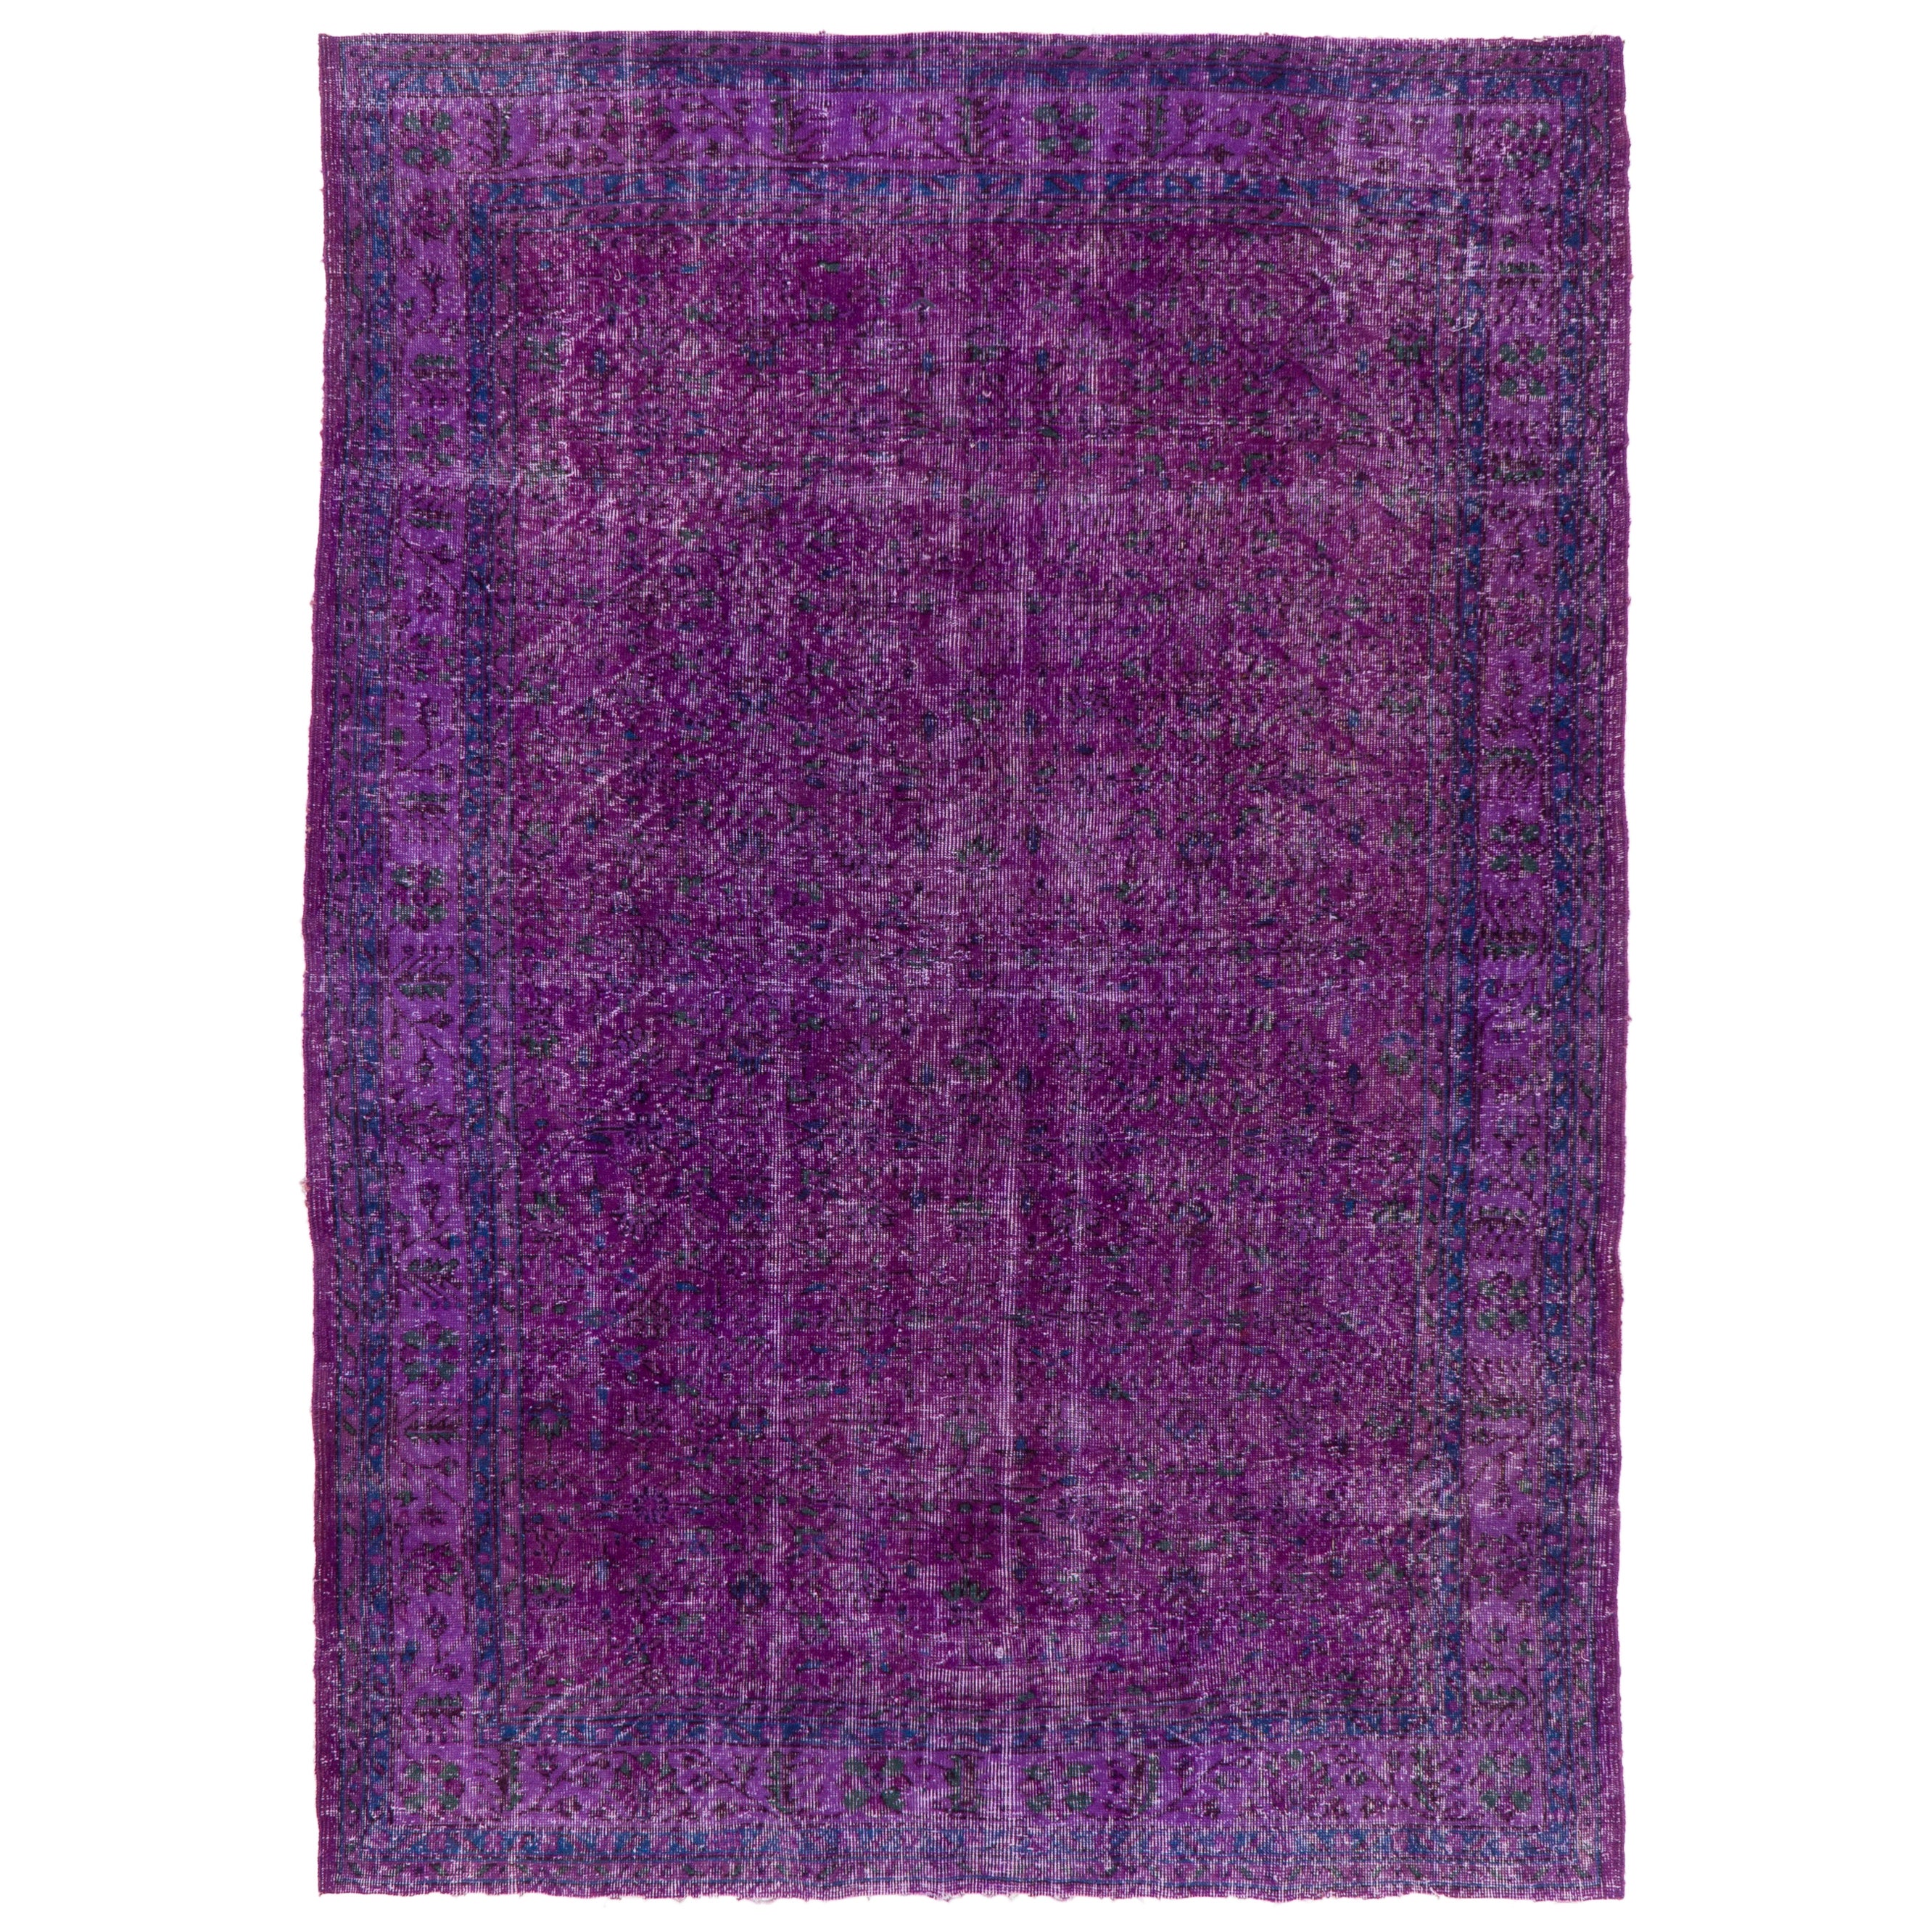 6.5x9.4 Ft Handmade Turkish Wool Rug, Home Decor Purple Carpet, Floor Covering
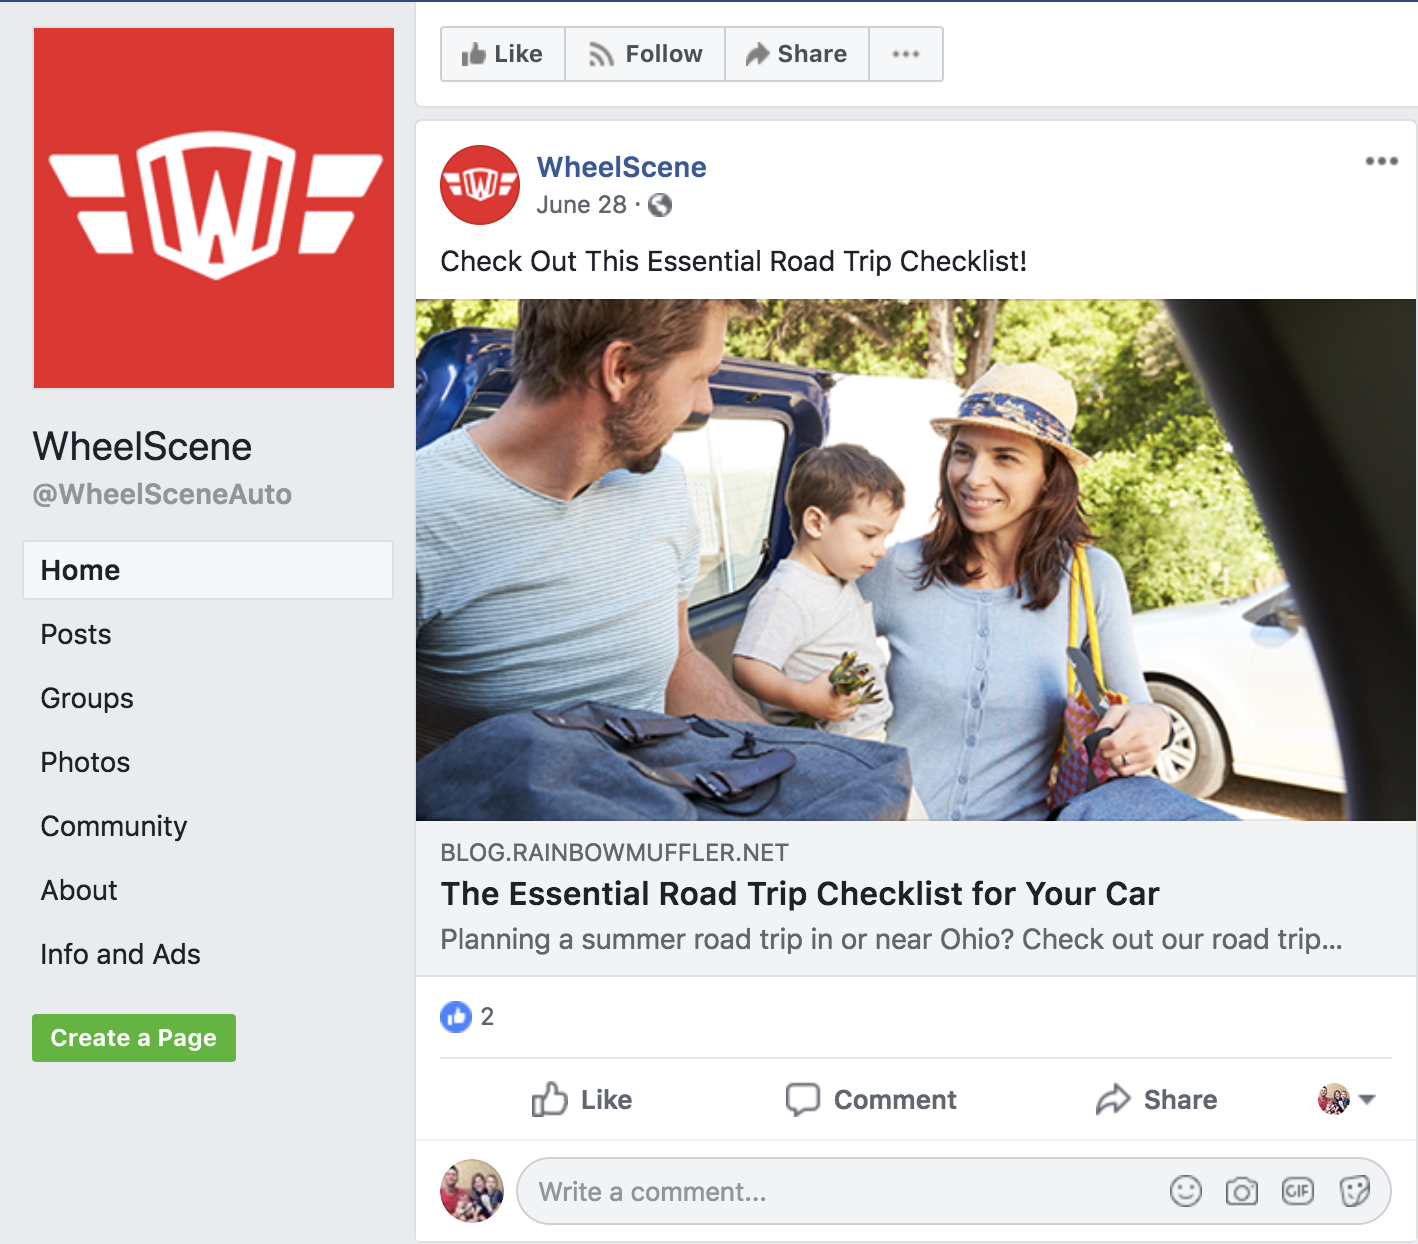  wheelscene facebook content promotion
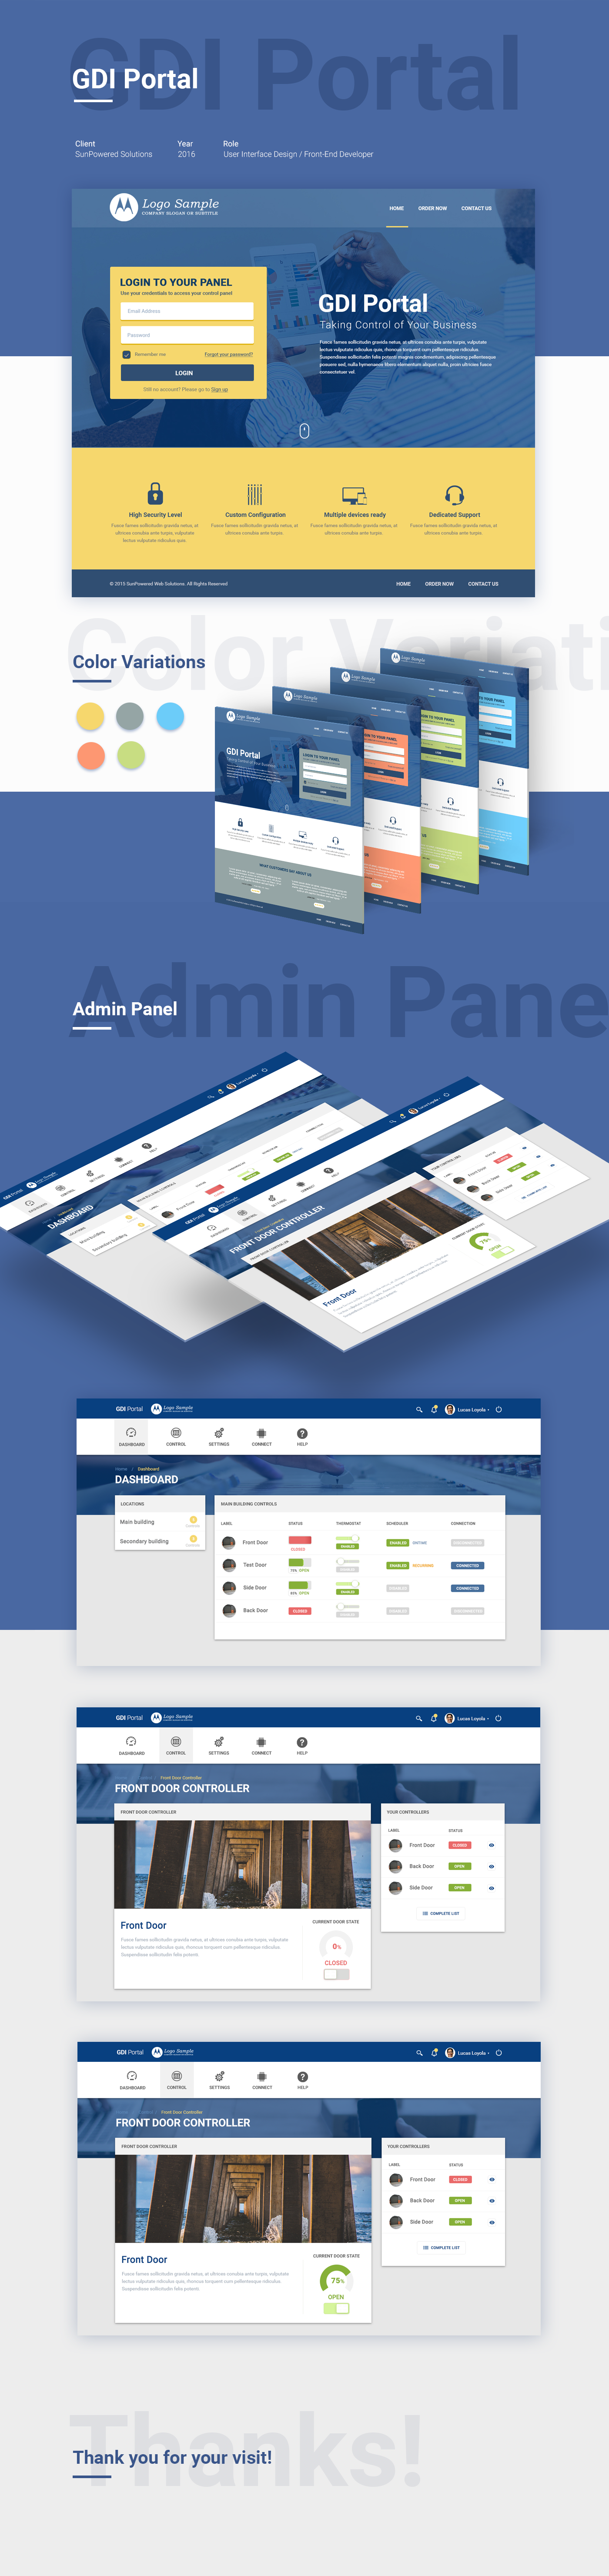 user interface material design admin panel mvp Lucas Loyola Brazil
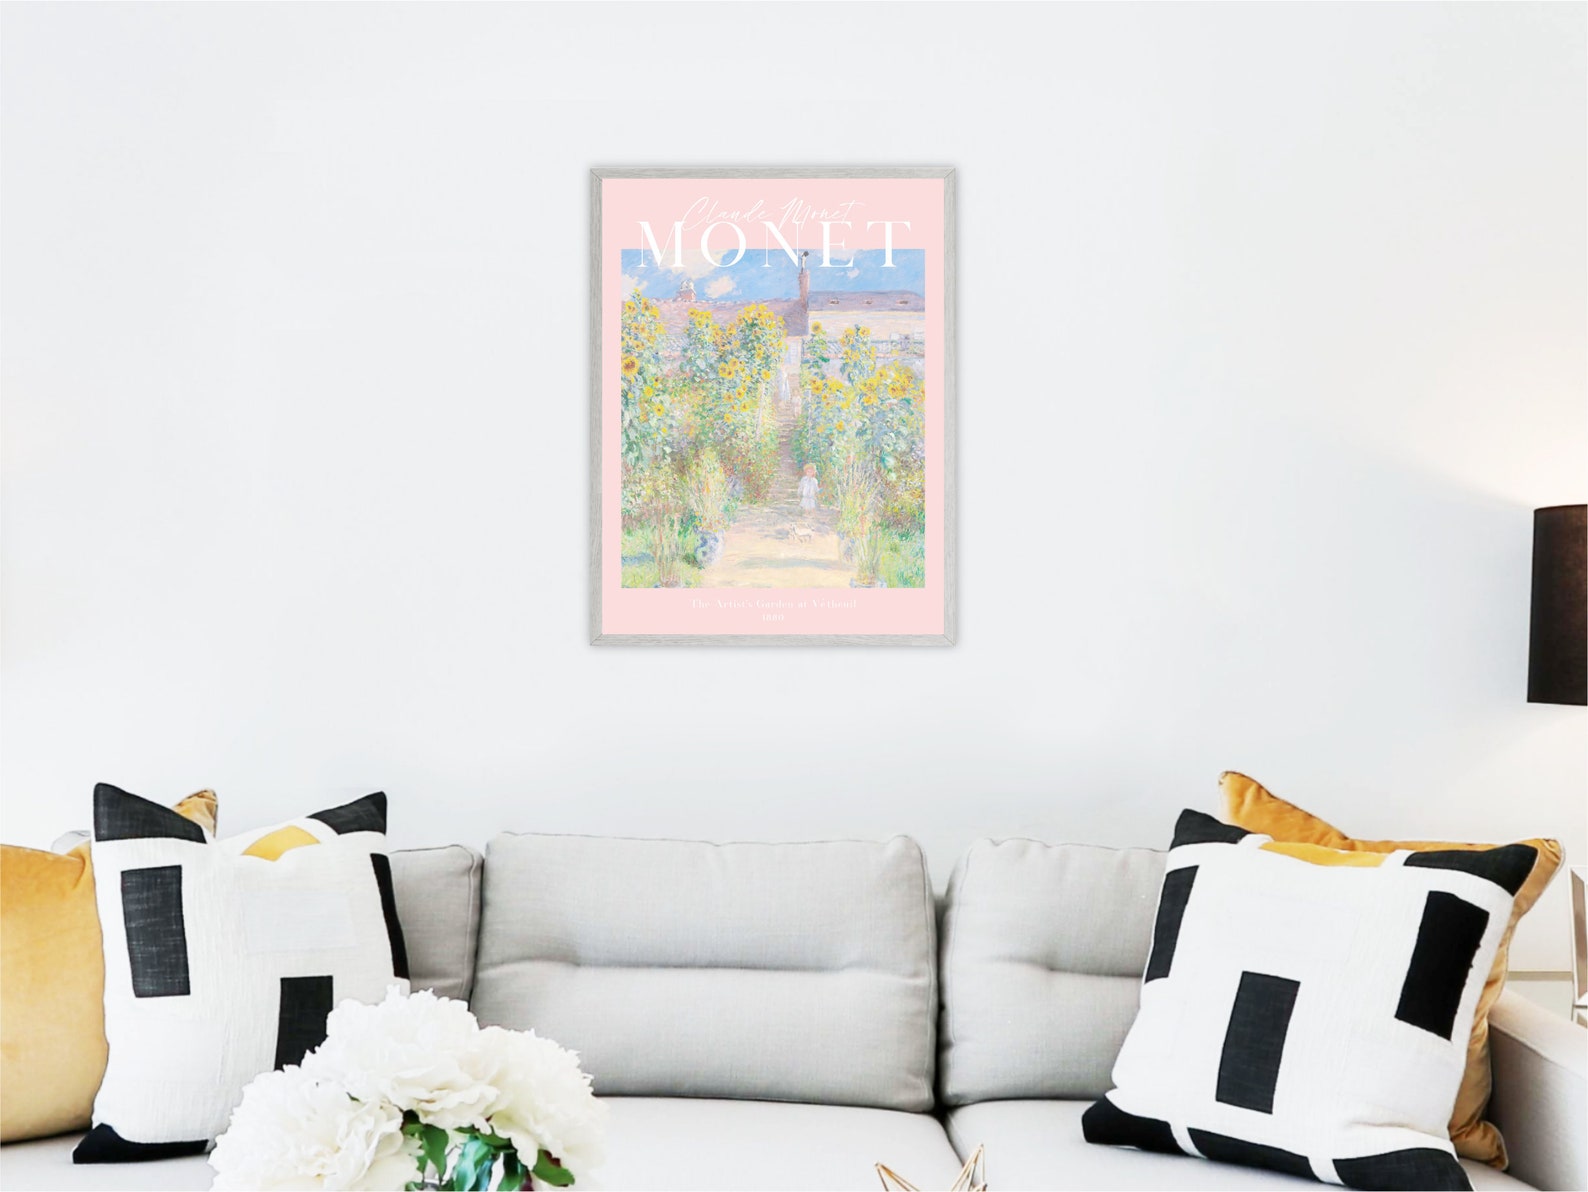 Monet Print Download Pastel Pink Monet Poster Classic - Etsy
____________
Above is a listing with pictures. Write it out exactly without them.

 6.5x9.4 Ft Handmade Turkish Wool Rug, Home Decor Purple Carpet, Floor Covering
  wheelscene facebook content promotion
 user interface material design admin panel mvp Lucas Loyola Brazil
 Monet Print Download Pastel Pink Monet Poster Classic - Etsy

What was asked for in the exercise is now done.